Anders kan het eenvoudig niet.
Nu is er ook een wet, die is eigenlijk wat treuriger. Die wet zegt namelijk dit: een wezen kan binnen de loop van zijn leven niet anders zijn of beleven dan het zichzelf wenst of zichzelf voorstelt. Dat is erger. Dat wil zeggen dat wij voor ons beleven allen eigenlijk zelf aansprakelijk zijn, dat wij door onze voorstelling en onze poging tot leven en beleven te wijzigen, dus ook het hele beeld van beleven op onze levenslijn kunnen veranderen. Ik noem het daarom onprettig dat, als je zo eens nagaat wat je allemaal voor onaangenaamheden door hebt te maken, het nu ja…..niet zo leuk is als je dat niet aan een ander of zelfs niet aan het noodlot kunt wijten, maar zeggen moet: mea maxima culpa. Door mijn allergrootste schuld ben ik, stommeling, in deze situatie gekomen. Maar aan de andere kant kan het ons misschien een kleine steun zijn. Want uit de voorgaande wetten blijkt, dat wij niet ten onder kunnen gaan. Blijkt dat onze levenslijn voortdurend voor ons blijft bestaan als deel van de Goddelijke kracht. Wanneer wij op het ogenblik verkeren in een toestand die ons niet aangenaam is, kunnen wij er verzekerd van zijn dat, mits wij maar streven naar dat Goddelijke, naar het beste of het ware in ons leven, wij automatisch alle onaangenaamheden achter ons kunnen laten.

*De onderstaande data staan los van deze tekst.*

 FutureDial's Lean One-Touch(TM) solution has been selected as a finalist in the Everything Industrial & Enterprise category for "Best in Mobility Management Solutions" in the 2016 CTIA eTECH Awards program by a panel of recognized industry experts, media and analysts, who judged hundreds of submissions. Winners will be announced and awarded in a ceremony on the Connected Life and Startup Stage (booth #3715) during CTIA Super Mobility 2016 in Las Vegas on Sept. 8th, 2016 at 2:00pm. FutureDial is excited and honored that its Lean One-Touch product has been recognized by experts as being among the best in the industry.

Dat waren een paar kleine leefregeltjes, die in verband staan met: karma. Nu wil ik nog graag iets zeggen over reïncarnatie, als deel van karma, tenminste als u daar ook voor geïnteresseerd bent. (Ja).
U zult begrijpen dat iemand die zich werkelijk aan zijn levenslijn houdt, slechts één fase door hoeft te maken van een bepaald bestaan en de totaliteit van de voor hem of haar bestemde waarde daarin volledig in zich te assimileren. Reïncarnatie is dus geen noodzakelijkheid. Maar wij allen zijn geneigd om te toeven langs de weg, in sommige gevallen door onze begeerten, in andere gevallen juist door té streng ontkennen van onze begeerten enzovoort. Wij moeten wel degelijk de juiste weg weten te volgen. Dat wil zeggen, onszelf weten te zijn naar ons beste weten en kunnen. Dat doen wij lang niet altijd. Wij laten vaak over ons moreel gedrag beslissen door de buurman en over onze wijze van handelen door de grootst mogelijke mogelijkheid om er aangenaam van te leven of er beter van te worden. Zodra wij dat doen echter zijn wij niet in staat om het totaal van ervaringen in één leven te putten.

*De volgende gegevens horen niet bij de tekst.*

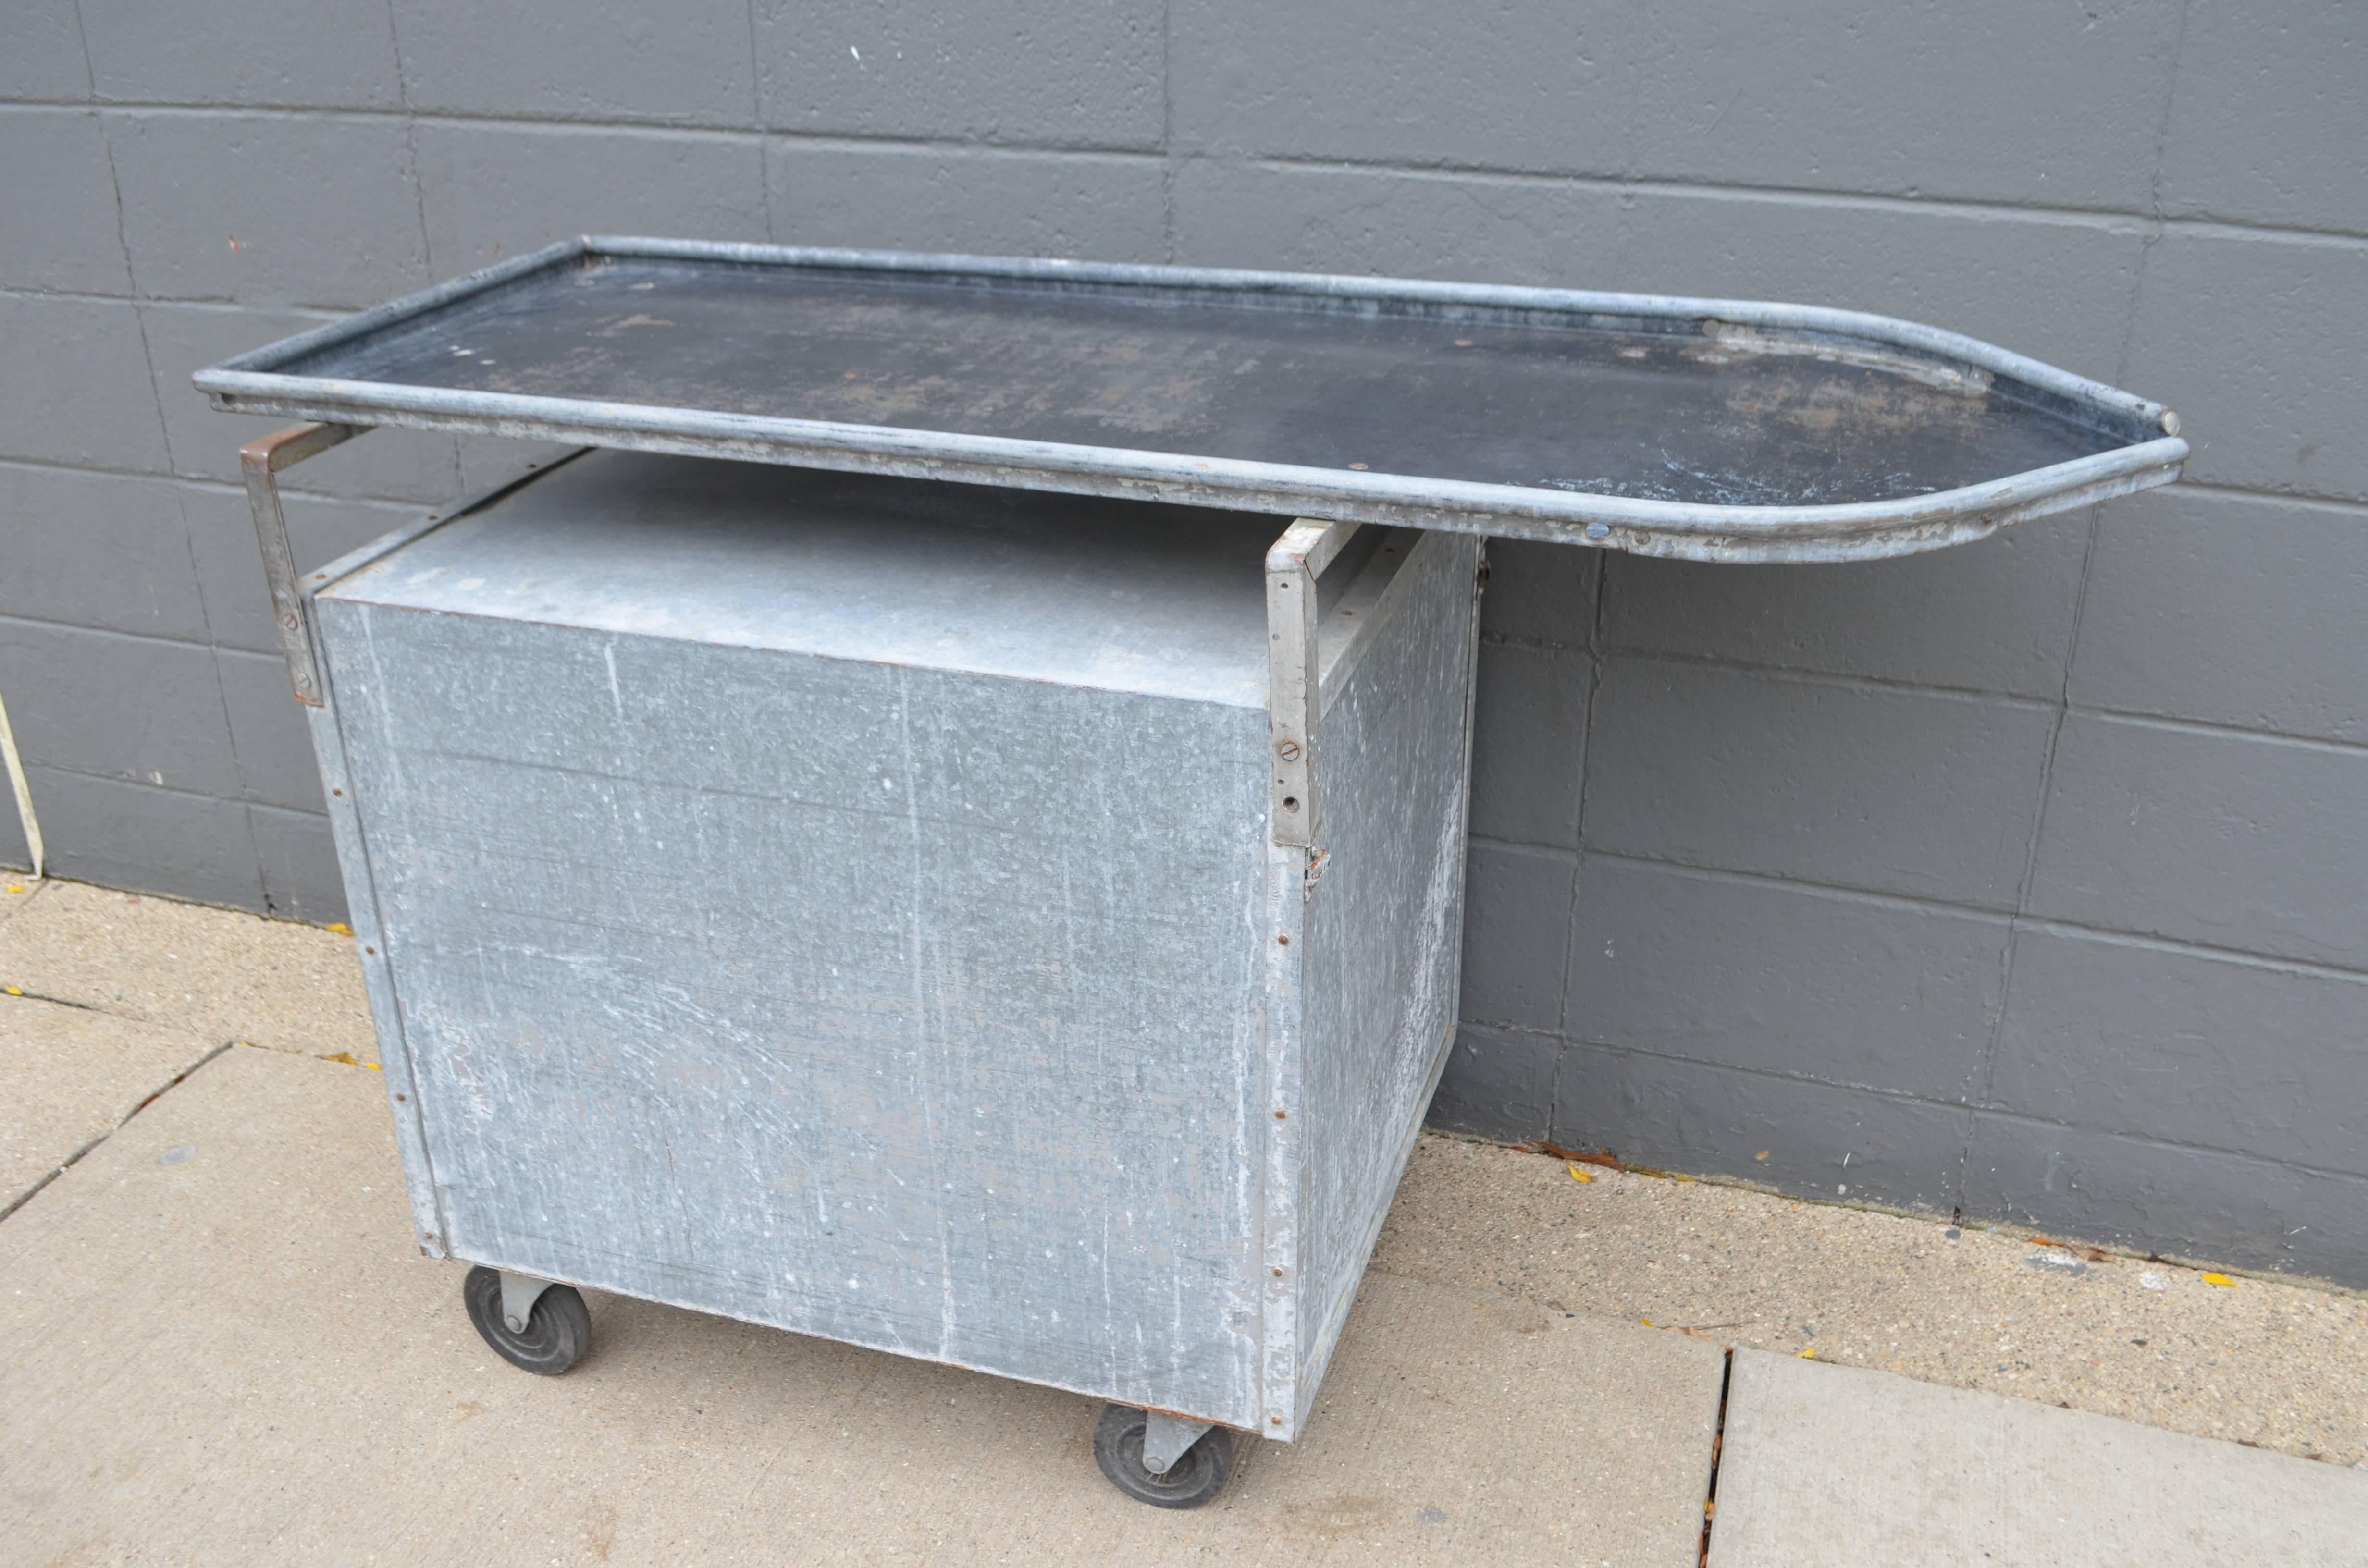 Galvanized veterinary exam table with gated cubby beneath has been thoroughly cleaned and sealed with clear acrylic. Makes multipurpose, portable bar with the bottles stored below decks. A potting table with smaller gardening tools, gloves, shoes,

Wij gaan over in de geest, maar kunnen daar niet veel verder komen. Wij kunnen ons slechts dat gaan realiseren, wat het stoffelijk leven ons heeft gevraagd. Alle leringen en leerstellingen, die ons op het ogenblik worden gegeven en verder gaan dan ons eigen stoffelijk bestaan, kunnen wij nog niet begrijpen en verwerken, omdat wij de toestanden, die voor deze….de ervaring, zou ik haast zeggen……van deze lessen noodzakelijk zijn, nog niet hebben doorgemaakt. Hieruit volgt dat elk reïncarneren als het ware een voortzetting is van een leven, dat werd afgebroken. Leven nu uitgedrukt als een reeks van ervaringen noodzakelijk om het menselijk stadium te overwinnen.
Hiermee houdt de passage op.